The children have trouble breathing and their eyeglasses fog when they’re wearing masks, they said. They lose important socialization skills, they said. They argued that the mask requirement is harassment and discriminatory when there’s no written policy to back it up.
One man said watching kids wearing masks was “like watching the walking dead.” Another parent complained about the anonymity and “loss of self” among children wearing masks.
Another parent said her straight A student has a lowered immune system as a result of wearing masks all last year. But his doctor said he couldn’t get a mask exemption because he didn’t have a chronic condition, the parent said.
The public’s comments sometimes ranged far from the mask debate into other national culture war hot buttons, from the joint chiefs of staff being investigated for treason, to critical race theory, to social justice themes in textbooks.

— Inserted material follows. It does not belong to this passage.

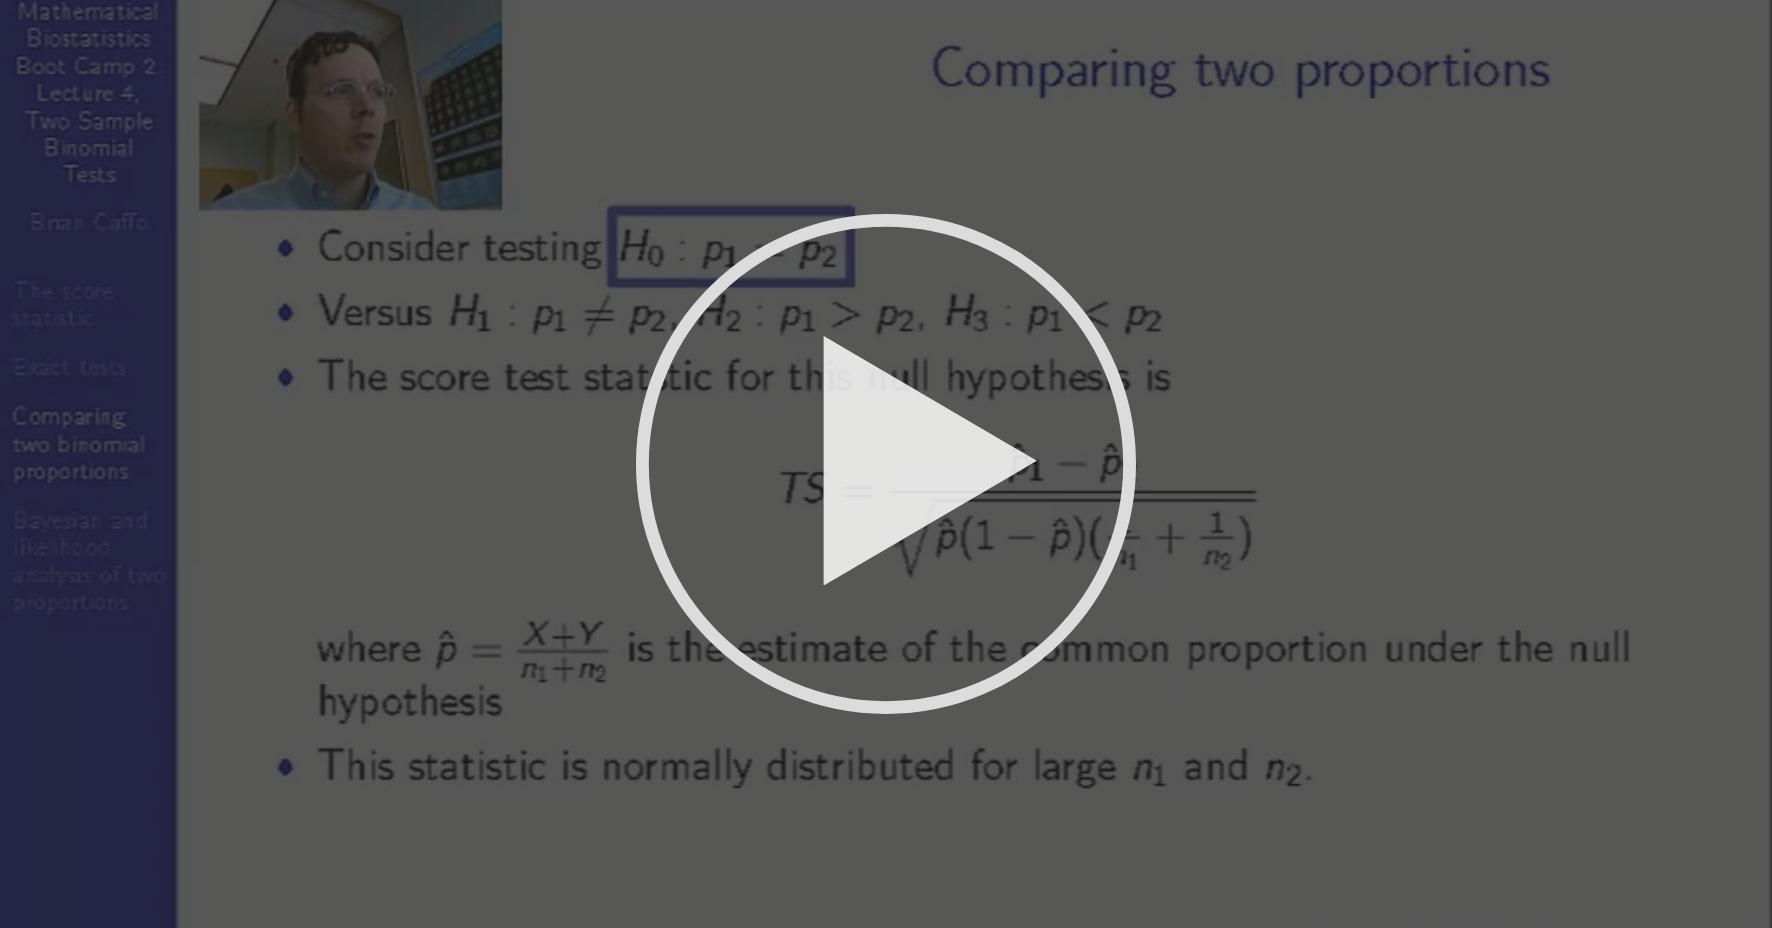 Two Sample Binomial Tests
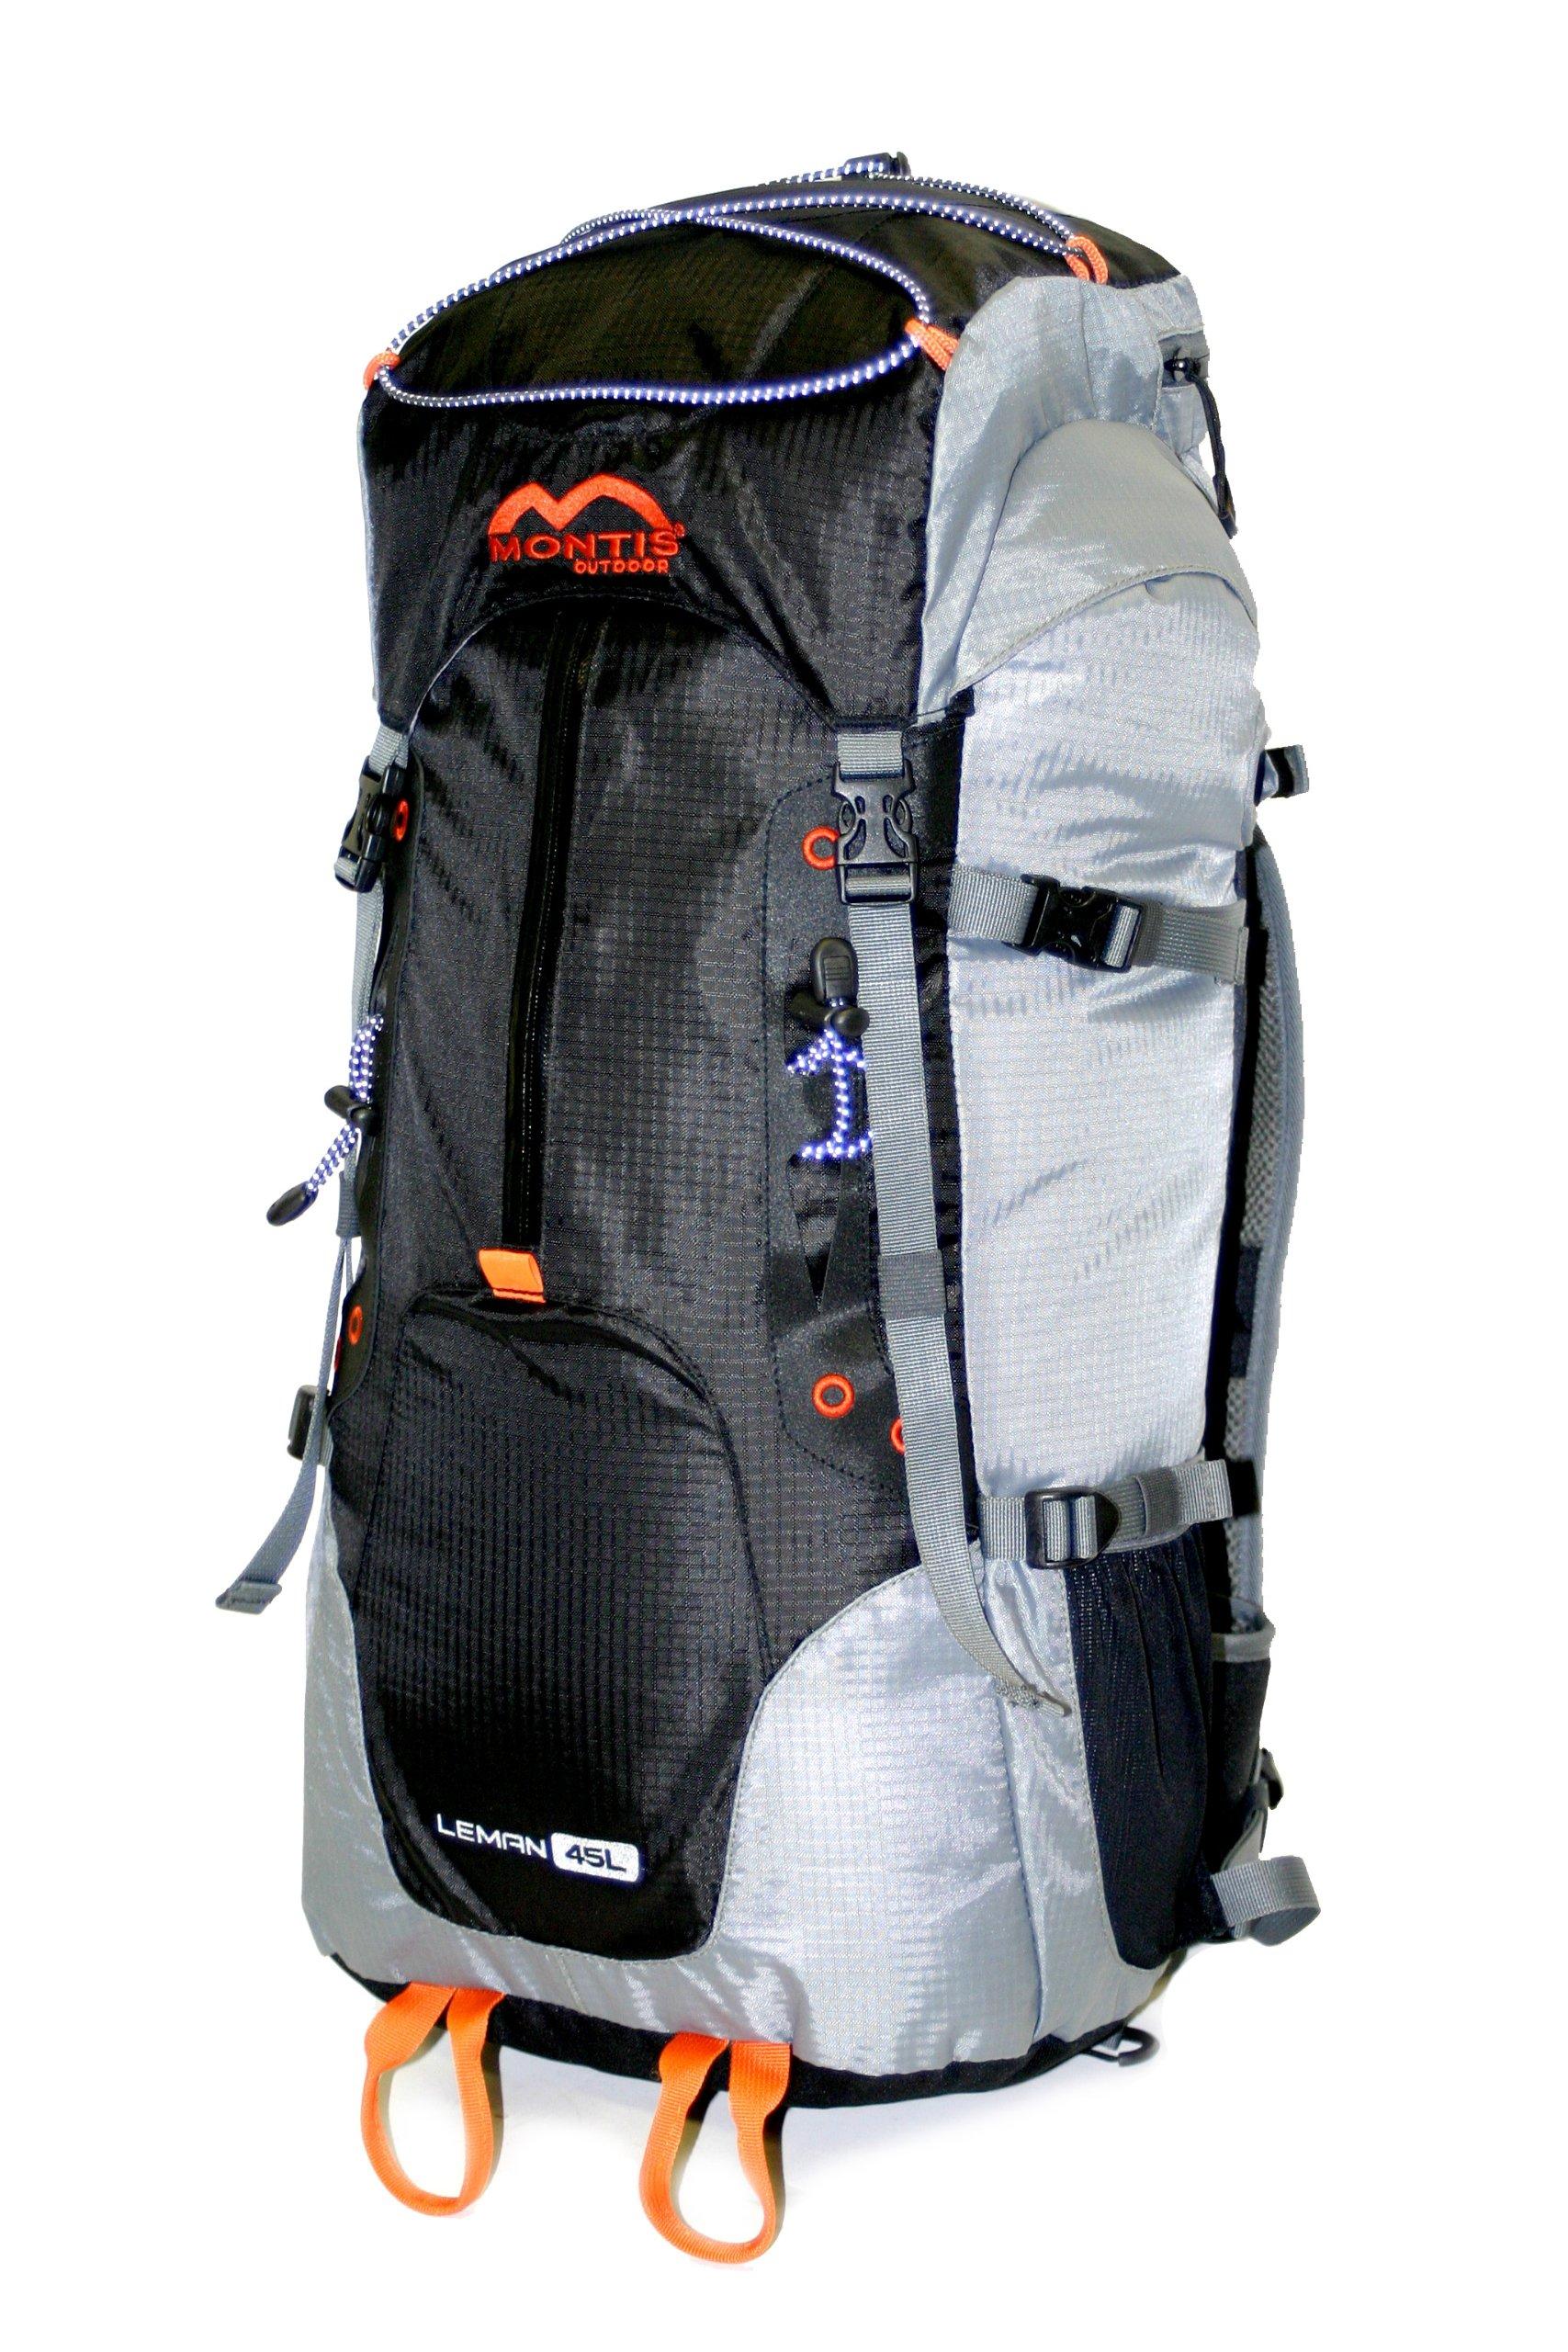 91gfXCmp6TL - MONTIS Leman 45, Mochila de Ruta, Trekking y Viajes, 45 l, 1300 g

Fisher eventually ended the meeting even as others still awaited to speak. He said he was in his mid 70s and wears a mask out of courtesy for those who might be concerned about Covid.
He said critical race theory is not being taught at DV. A speaker suggested the curriculum committee put extra copies of proposed new books in the local library before they are adopted so that community members can look through them. Fisher said he would bring this up at the next budget meeting.
A man who identified himself as a 13-year combat Air Force veteran said he wants DV students to be independent thinkers, not mask wearers and followers.
“Let’s get one thing clear here,” he said. “We will not get violent. We will not threaten the school board or their families. However, we’re not going anywhere. We will not be silenced. We will not comply with this mask mandate. We will no longer comply with contact tracing. We will bring our students to school without masks.”
Replacing Jack O’Leary
Bell said the school board has 30 days to pick a replacement for longtime member Jack O’Leary, who earlier this month resigned without explanation in the middle of his four-year term. Otherwise, a Pike County judge will pick the new member, he said.
Bell said candidates may be interviewed in a public session.
Fisher said he wanted a list of candidates with a short resume for each so that board members could cull them at the next meeting. The board will hold its work session to Oct. 7 to stay within the 30-day limit, he said.
The new appointee will serve through 2023.